▶ **Records for the task**:
╭──

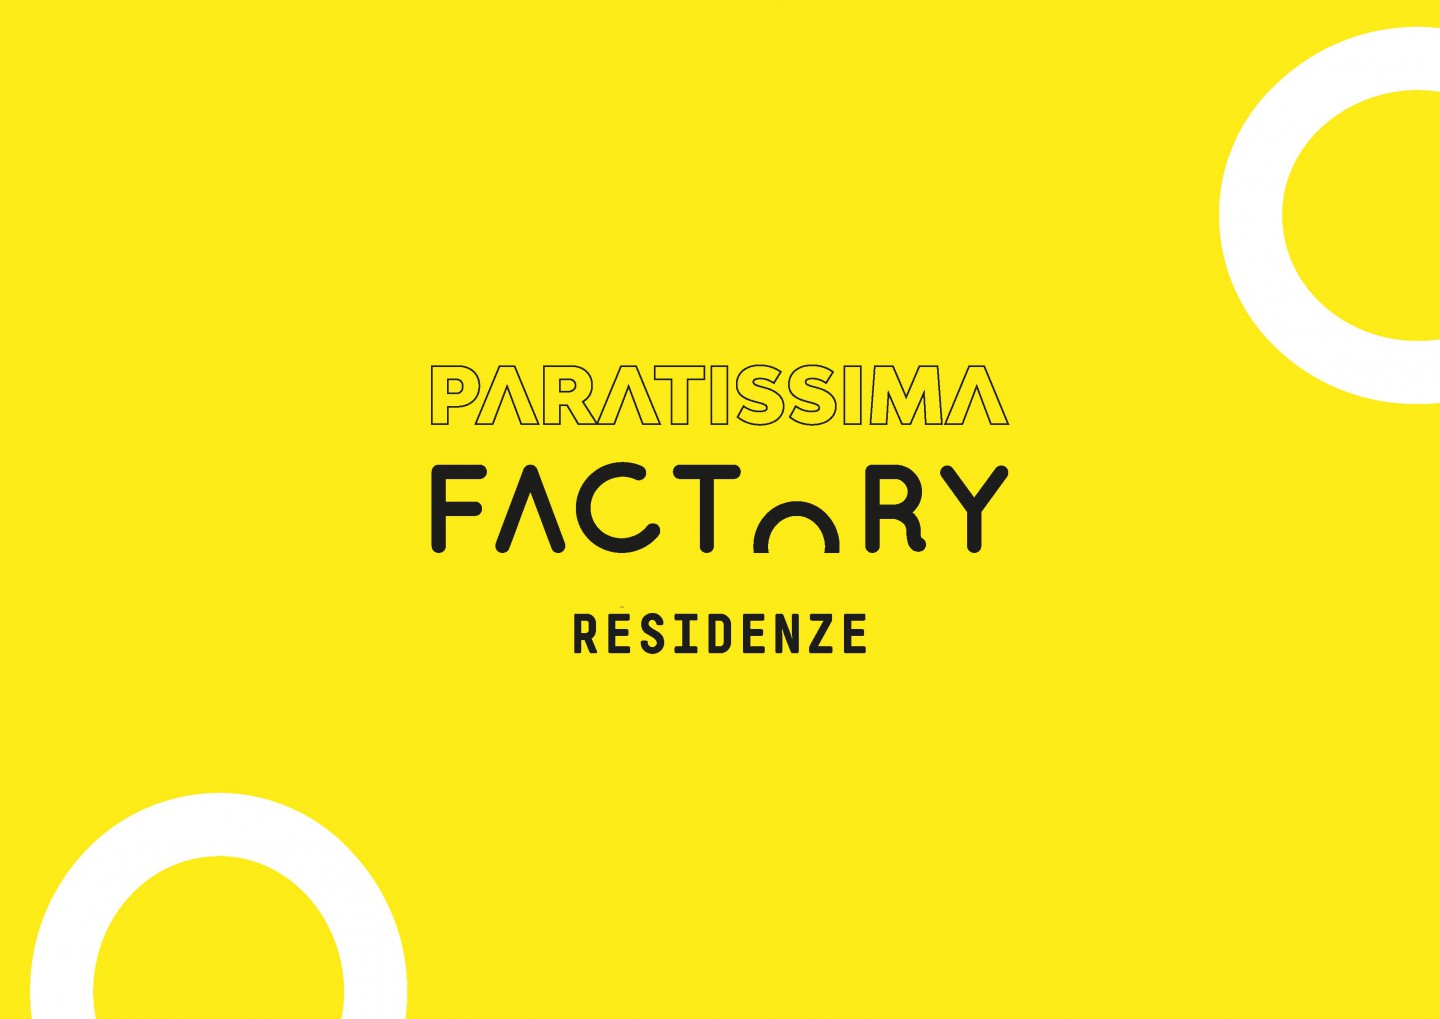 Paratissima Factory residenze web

╰──
╭──

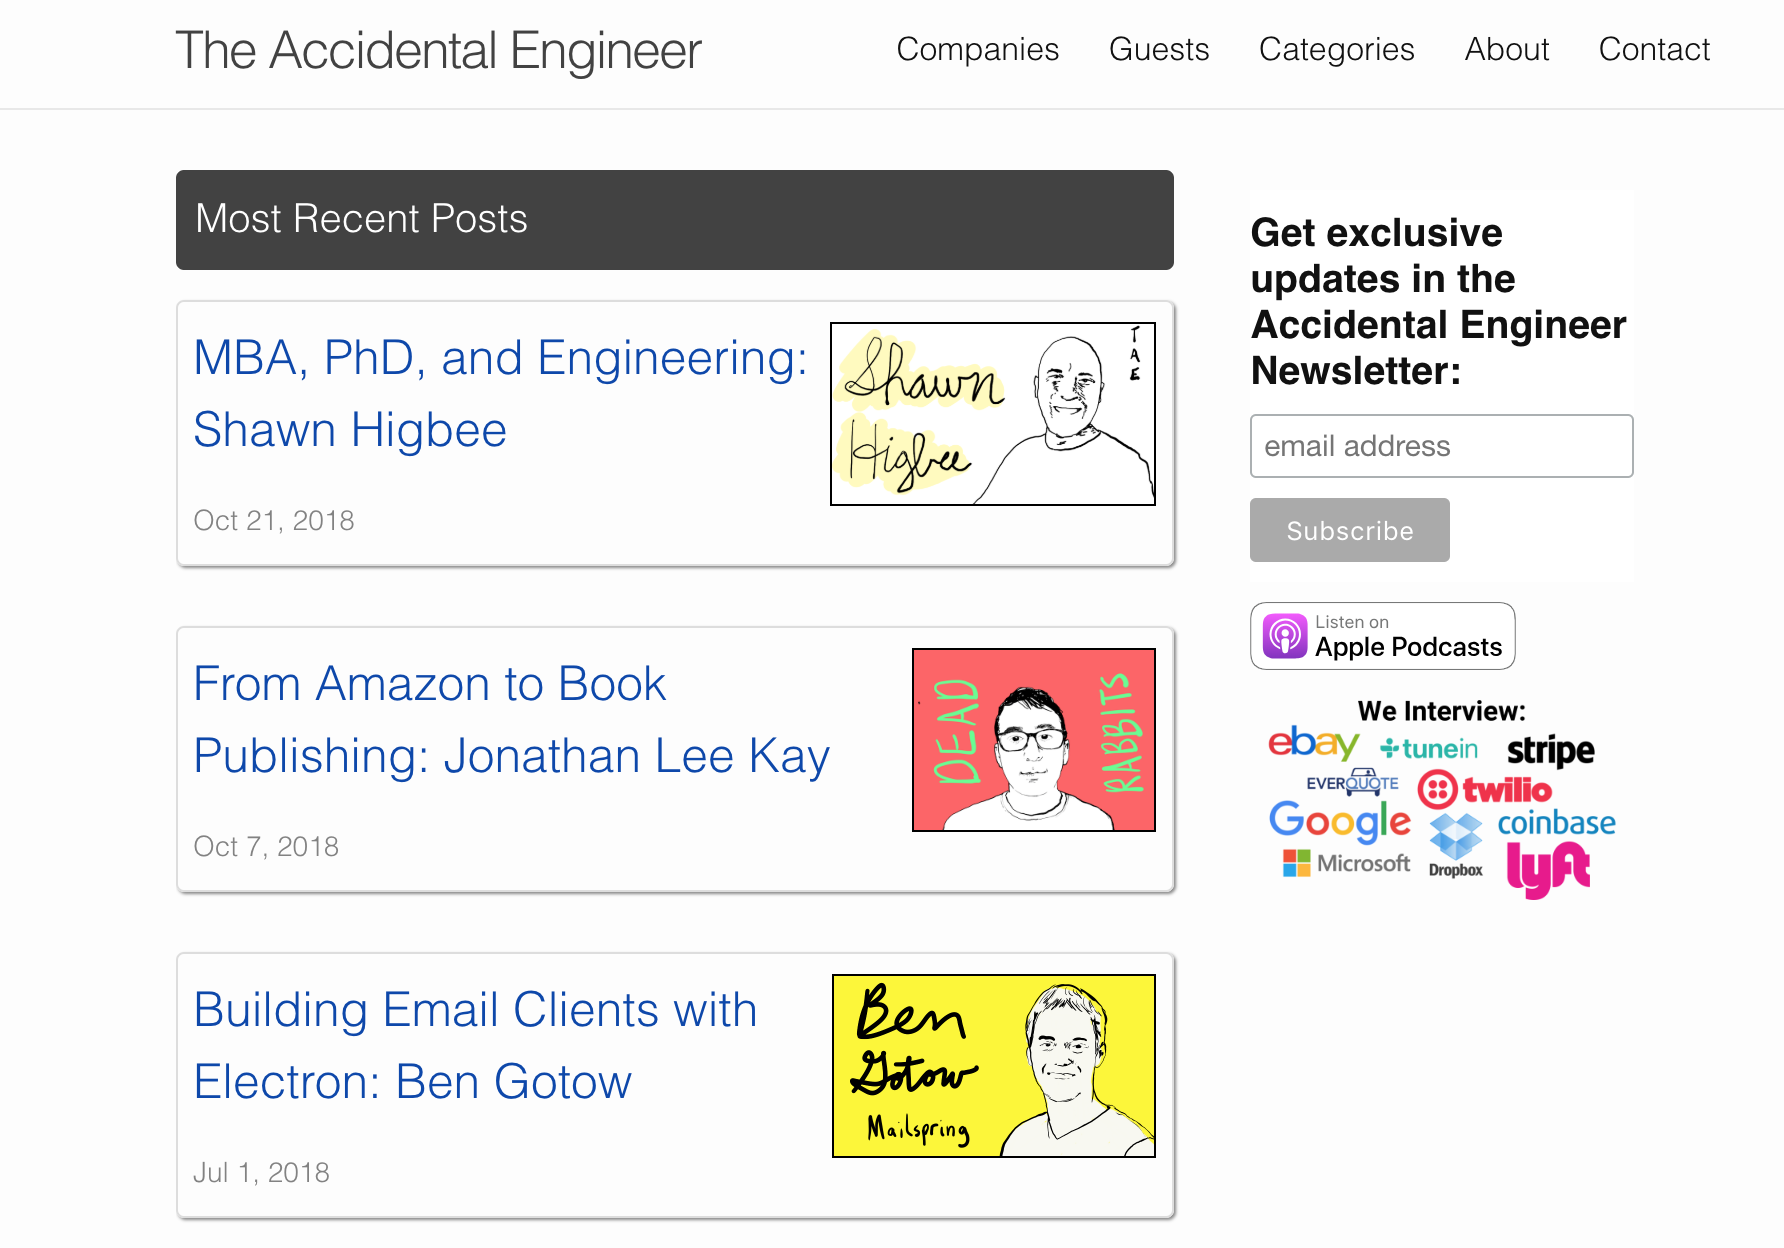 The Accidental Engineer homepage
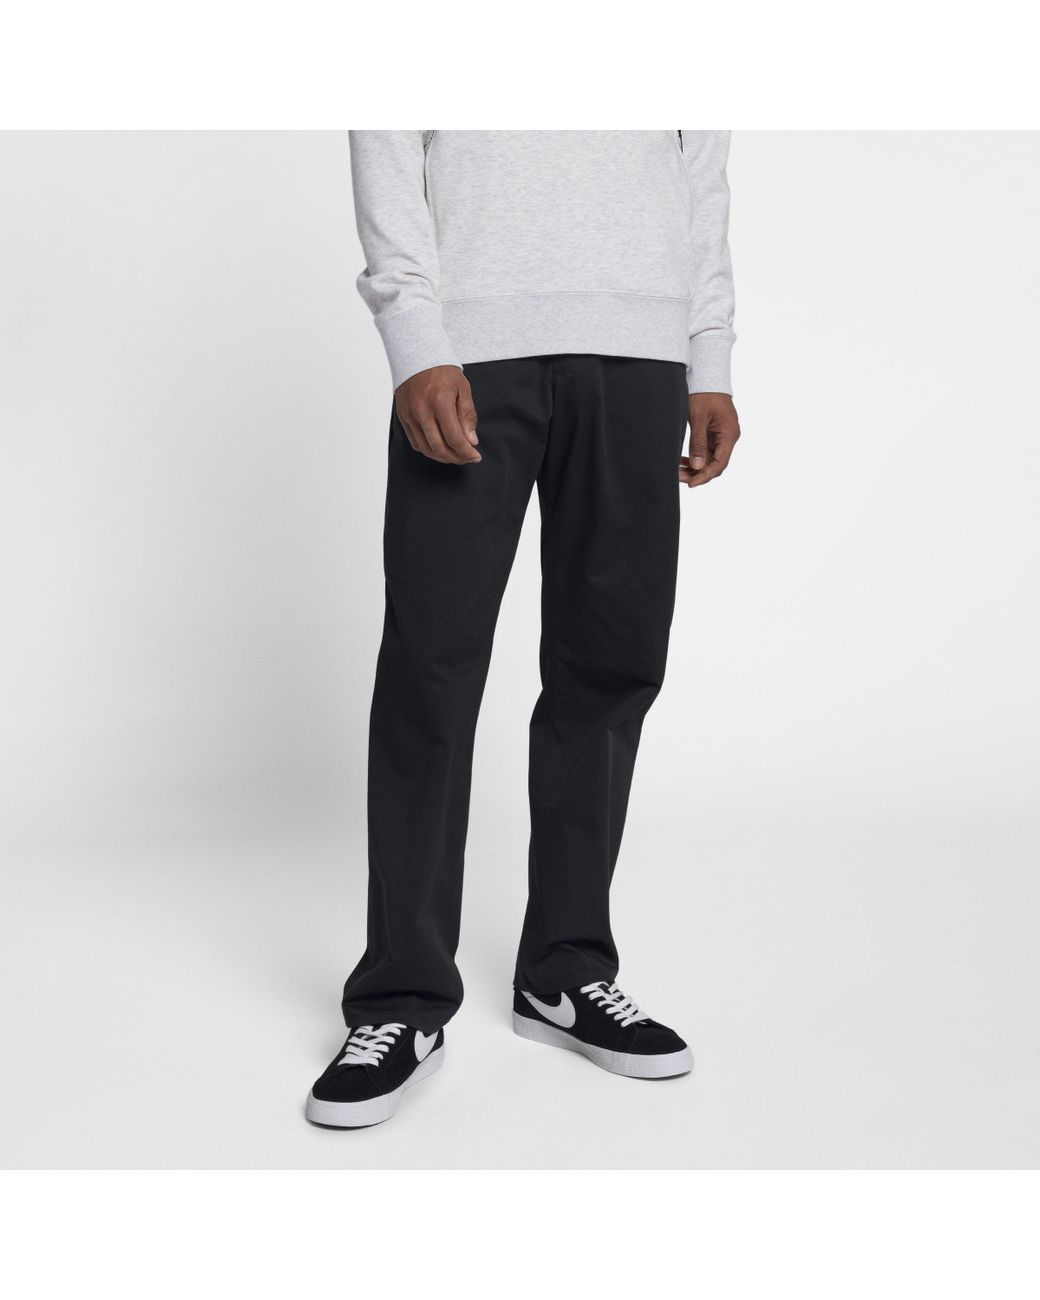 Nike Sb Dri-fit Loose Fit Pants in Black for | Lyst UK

╰──

▶ **Aim of the exercise**: Range to copy from the records above: the line containing "The Accidental Engineer homepage" to the line containing "Nike Sb Dri-fit", both included. Output those lines exactly and only those, skipping pictures.

▶ **The answer**:
 The Accidental Engineer homepage
 Nike Sb Dri-fit Loose Fit Pants in Black for | Lyst UK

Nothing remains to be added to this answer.